DATASET SECTION:
Segment Open

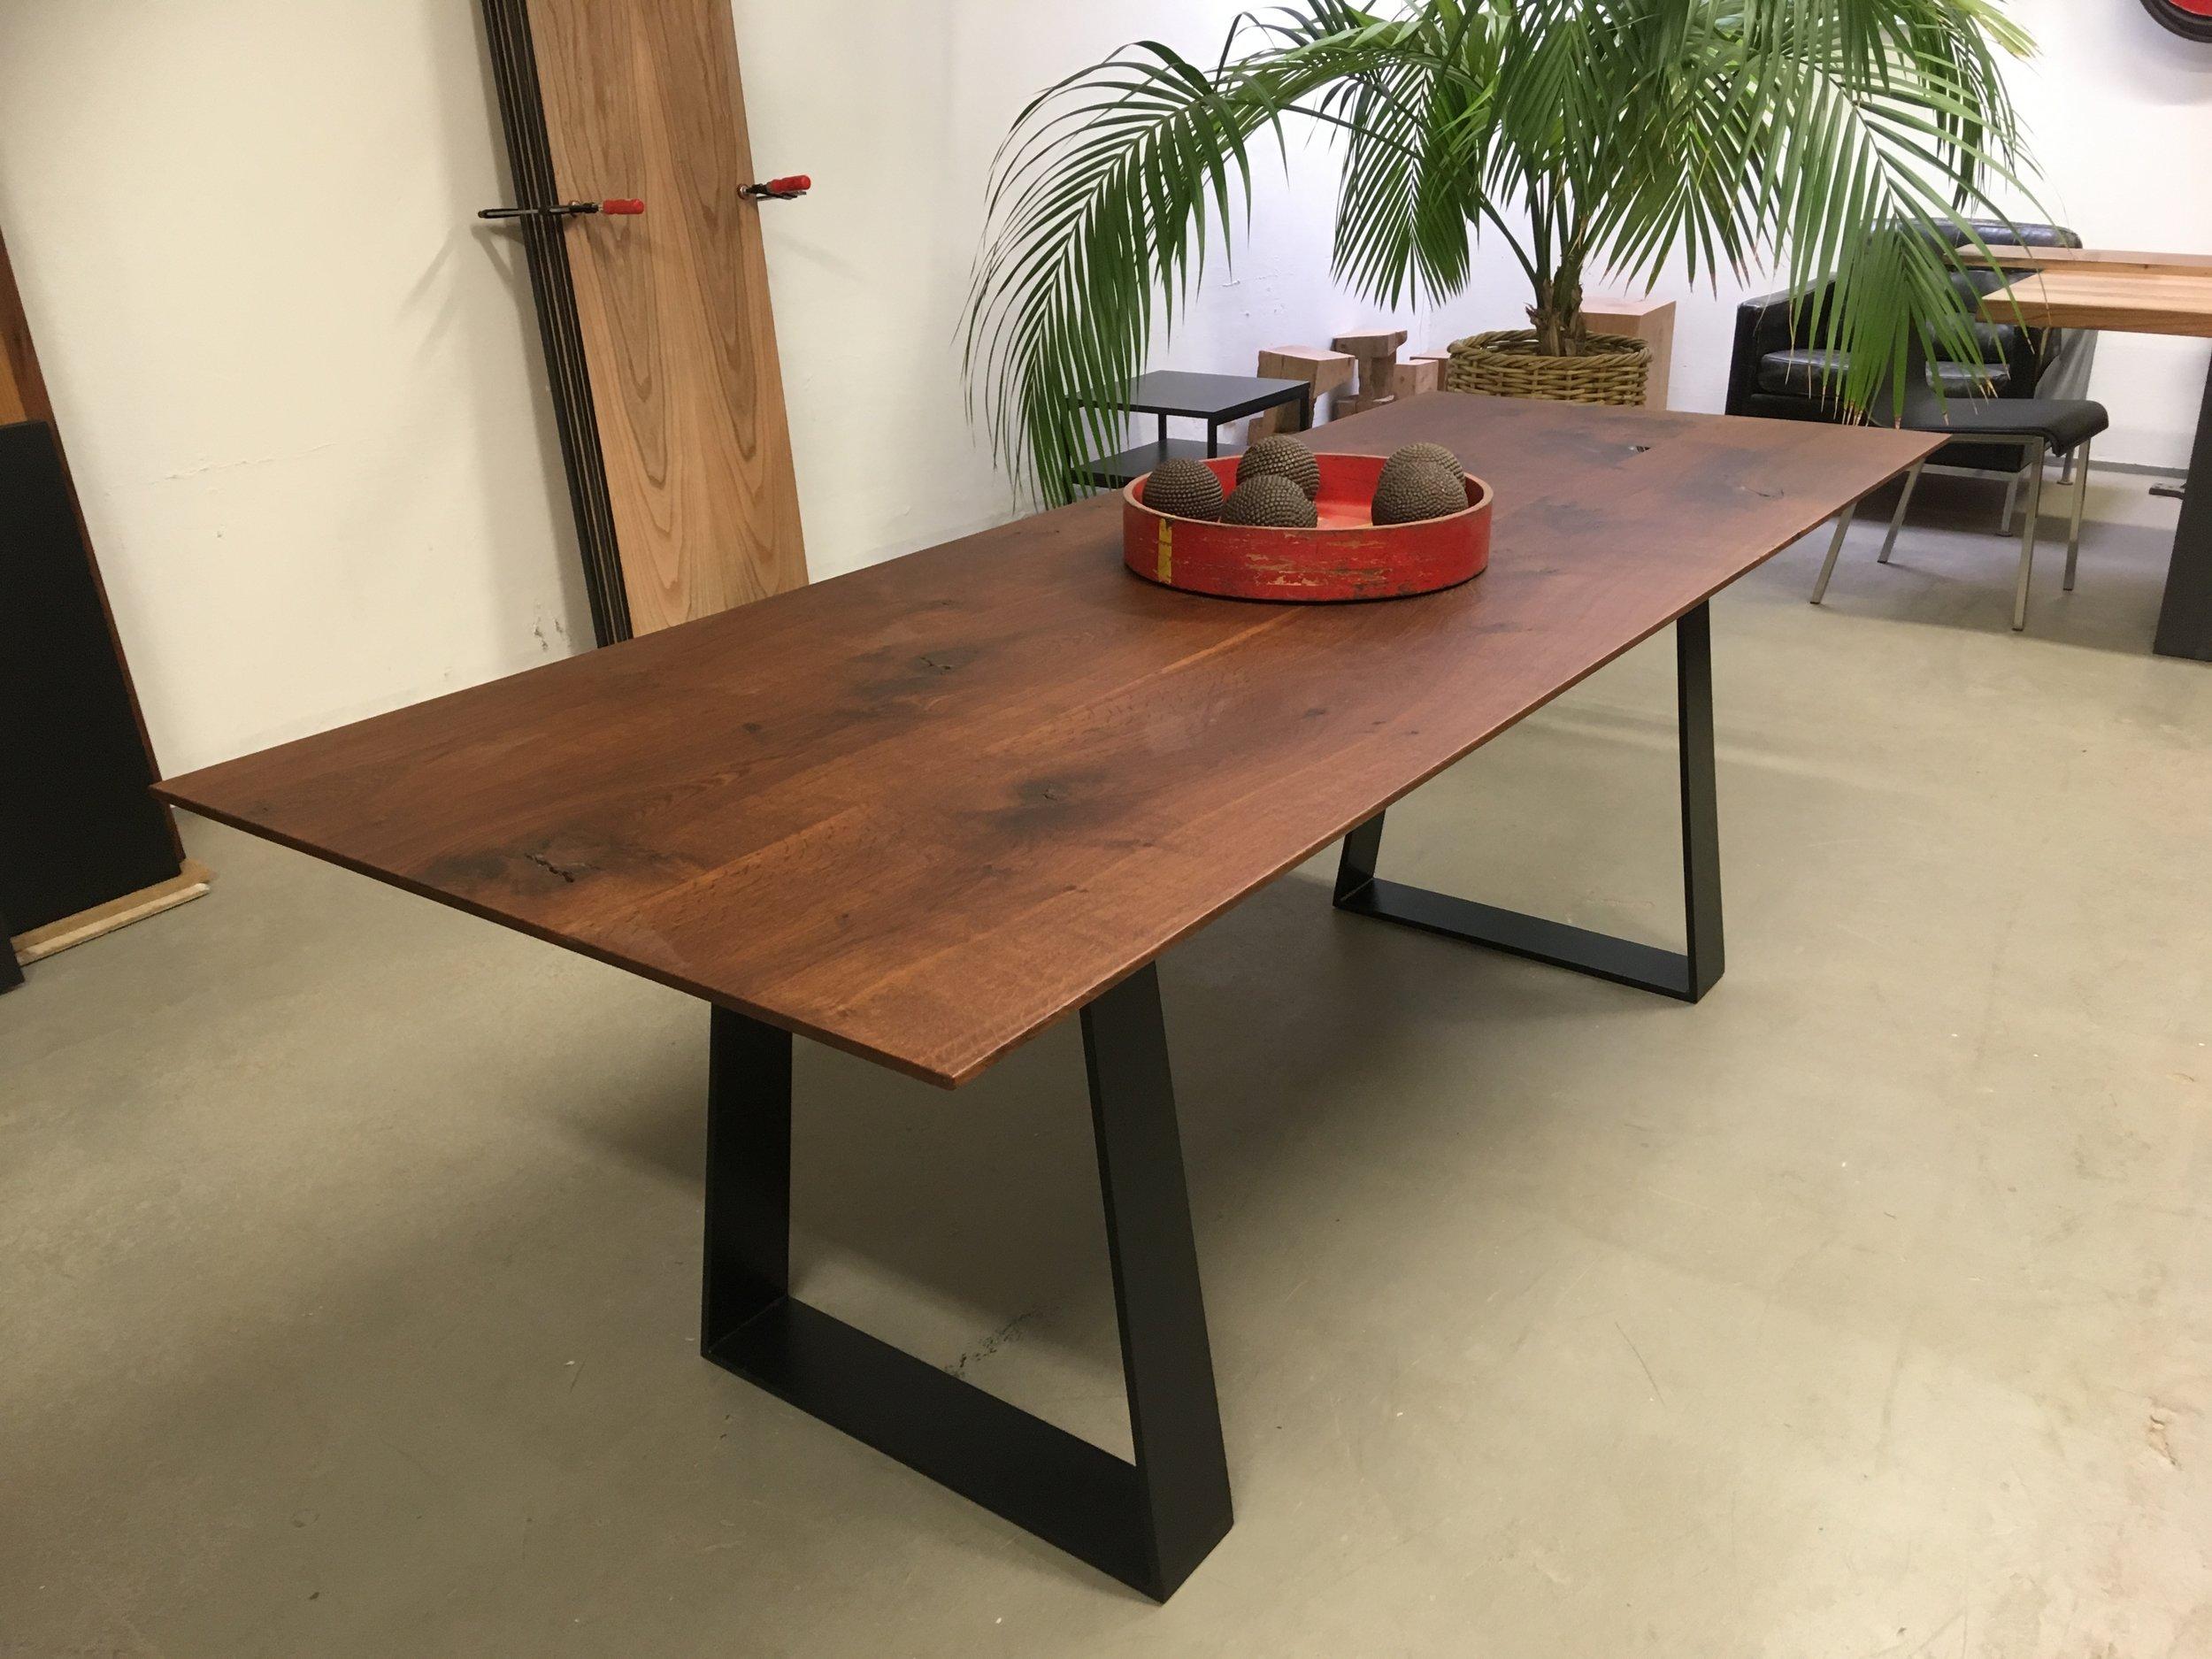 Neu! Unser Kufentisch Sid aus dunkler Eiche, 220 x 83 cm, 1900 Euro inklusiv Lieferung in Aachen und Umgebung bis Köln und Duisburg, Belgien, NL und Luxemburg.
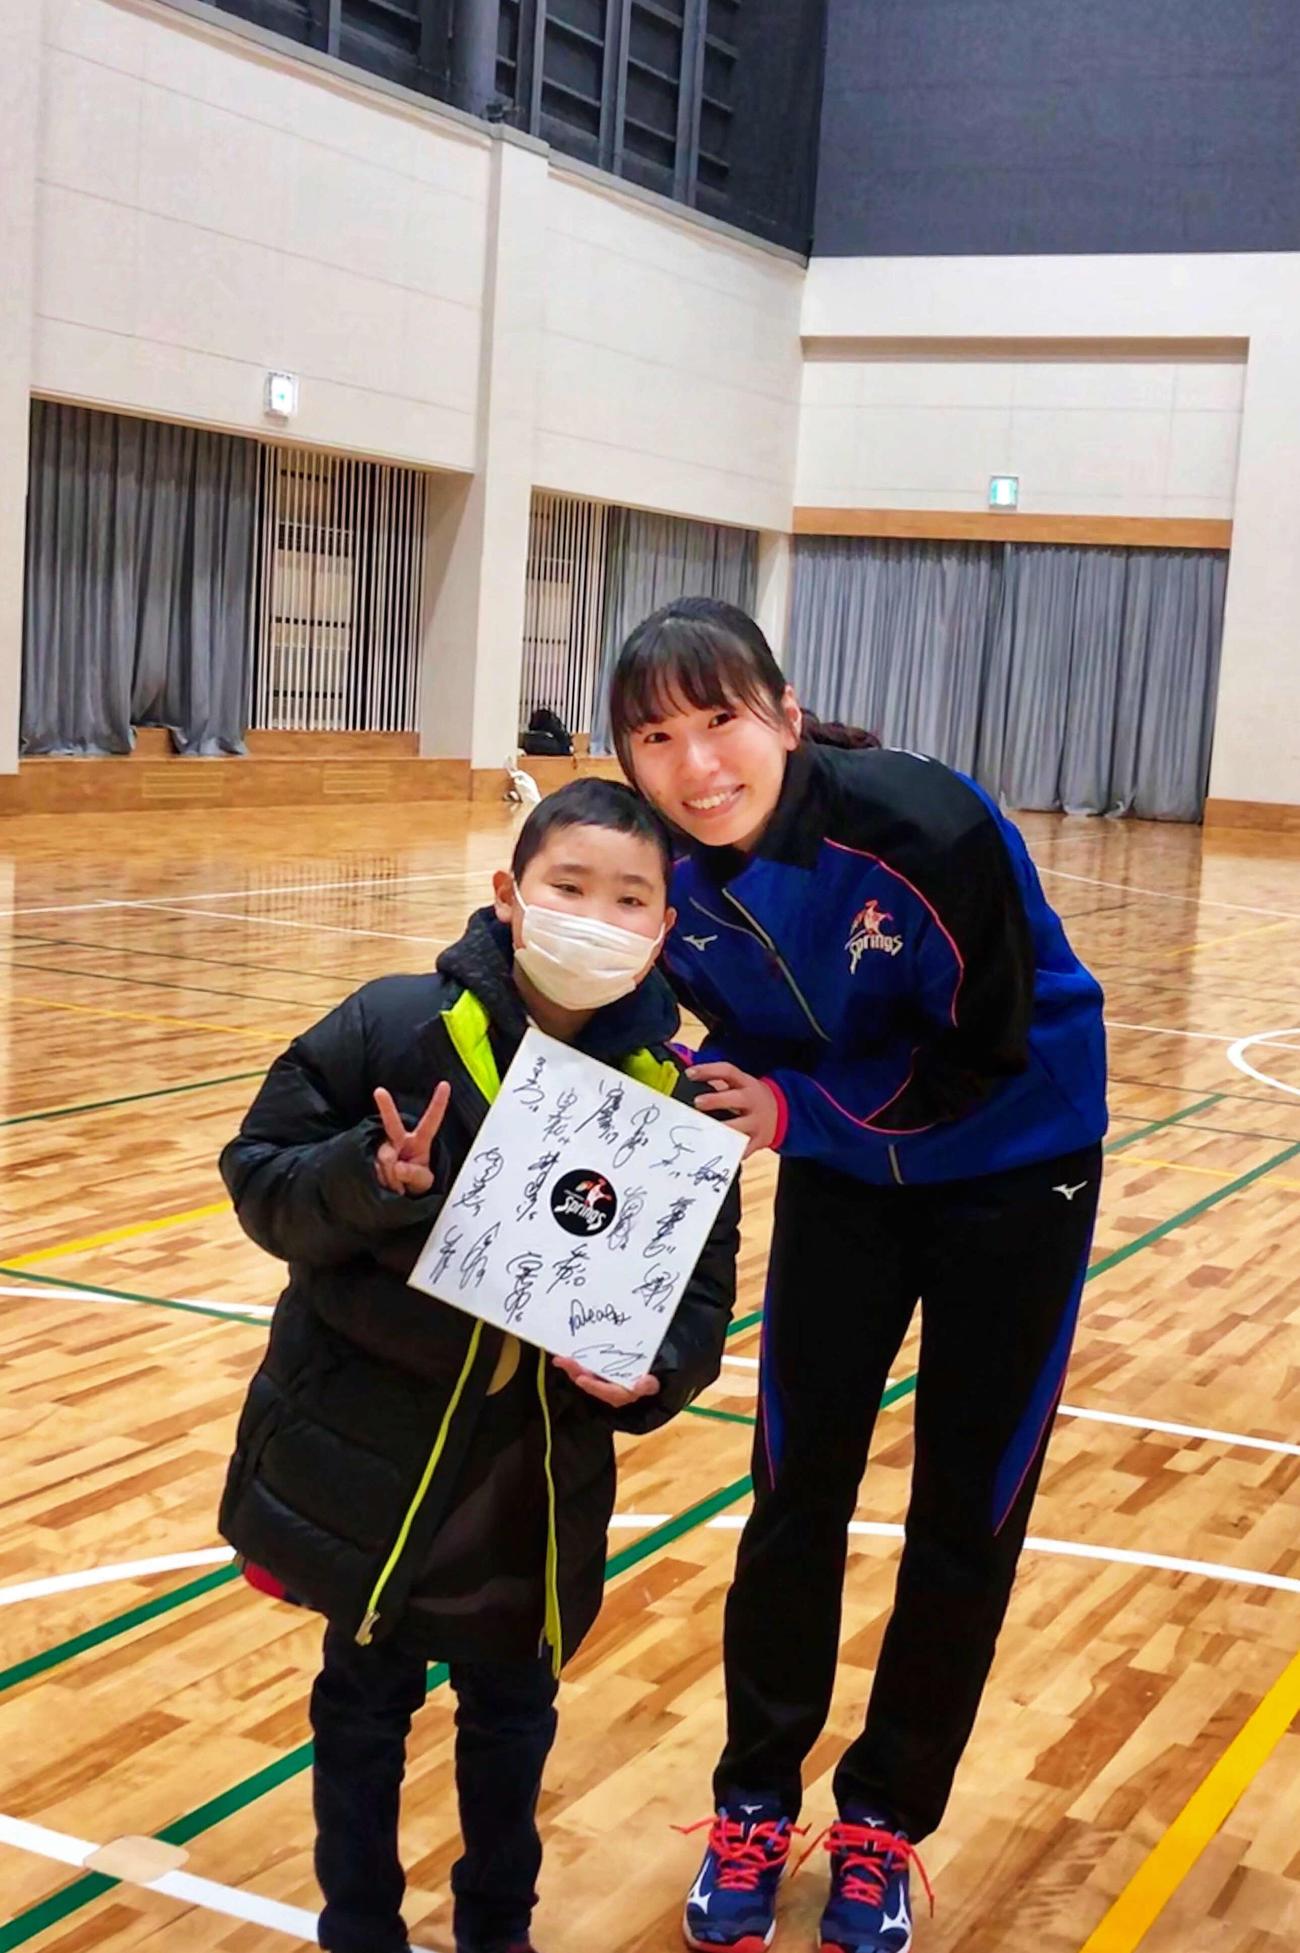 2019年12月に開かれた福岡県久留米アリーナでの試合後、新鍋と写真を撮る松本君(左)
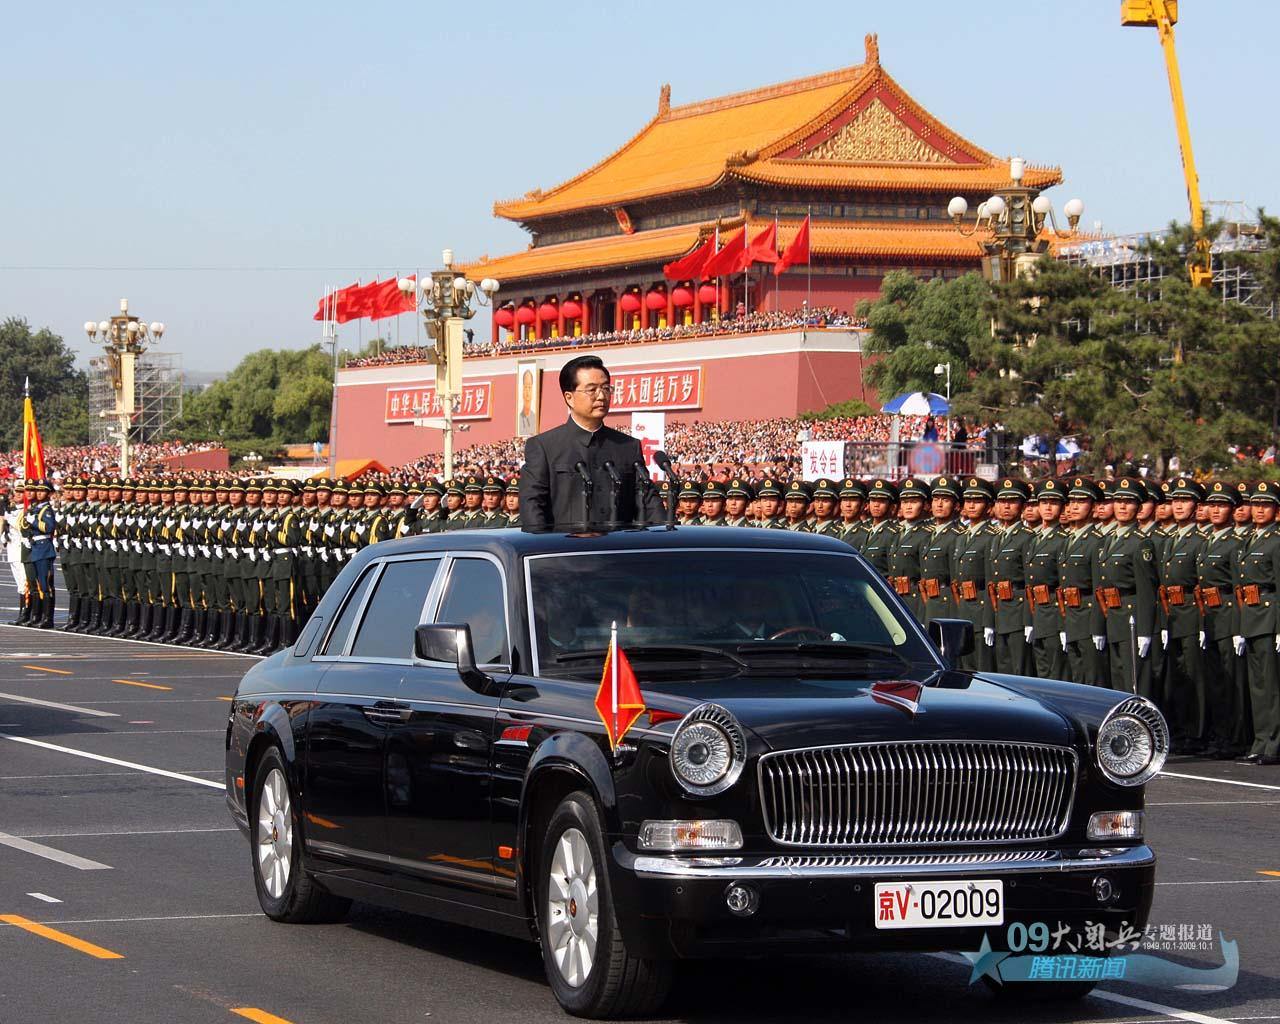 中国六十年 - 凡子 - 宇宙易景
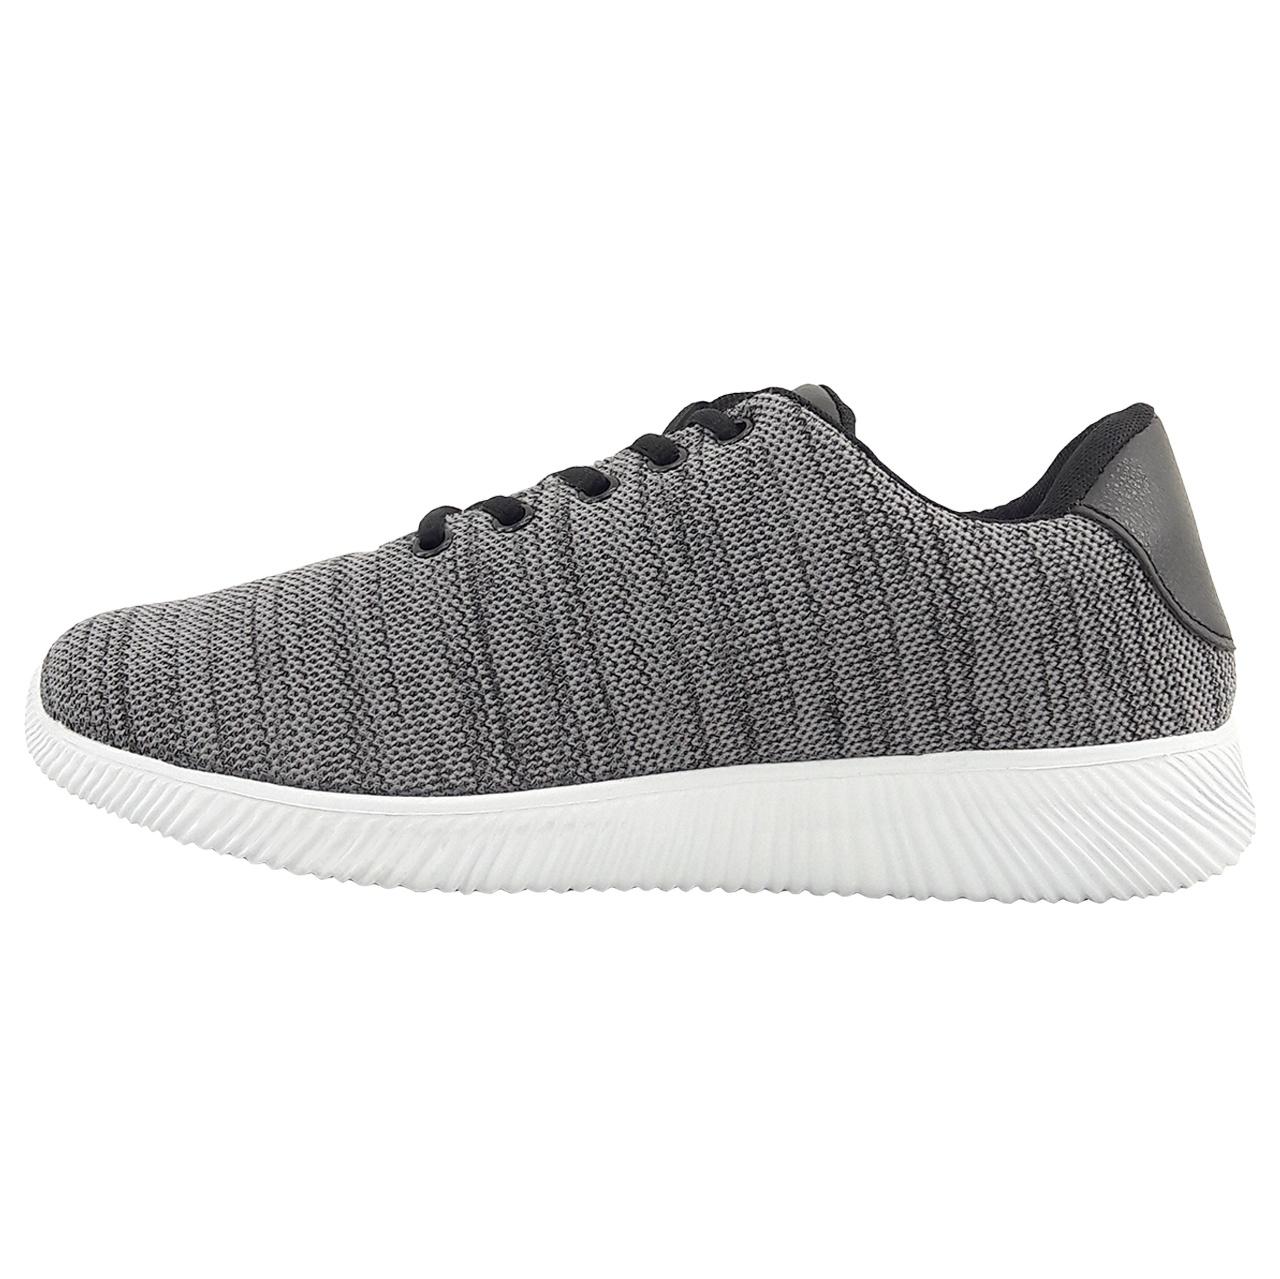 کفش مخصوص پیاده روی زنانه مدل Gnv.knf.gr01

Segment Closed

TASK OBJECTIVE: For this exercise, repeat word for word only the lines from the one containing "中国六十年 - 凡子 - 宇宙易景" through the end of the data, including both. Pictures do not go in the copy.

RESULT:
 中国六十年 - 凡子 - 宇宙易景
 کفش مخصوص پیاده روی زنانه مدل Gnv.knf.gr01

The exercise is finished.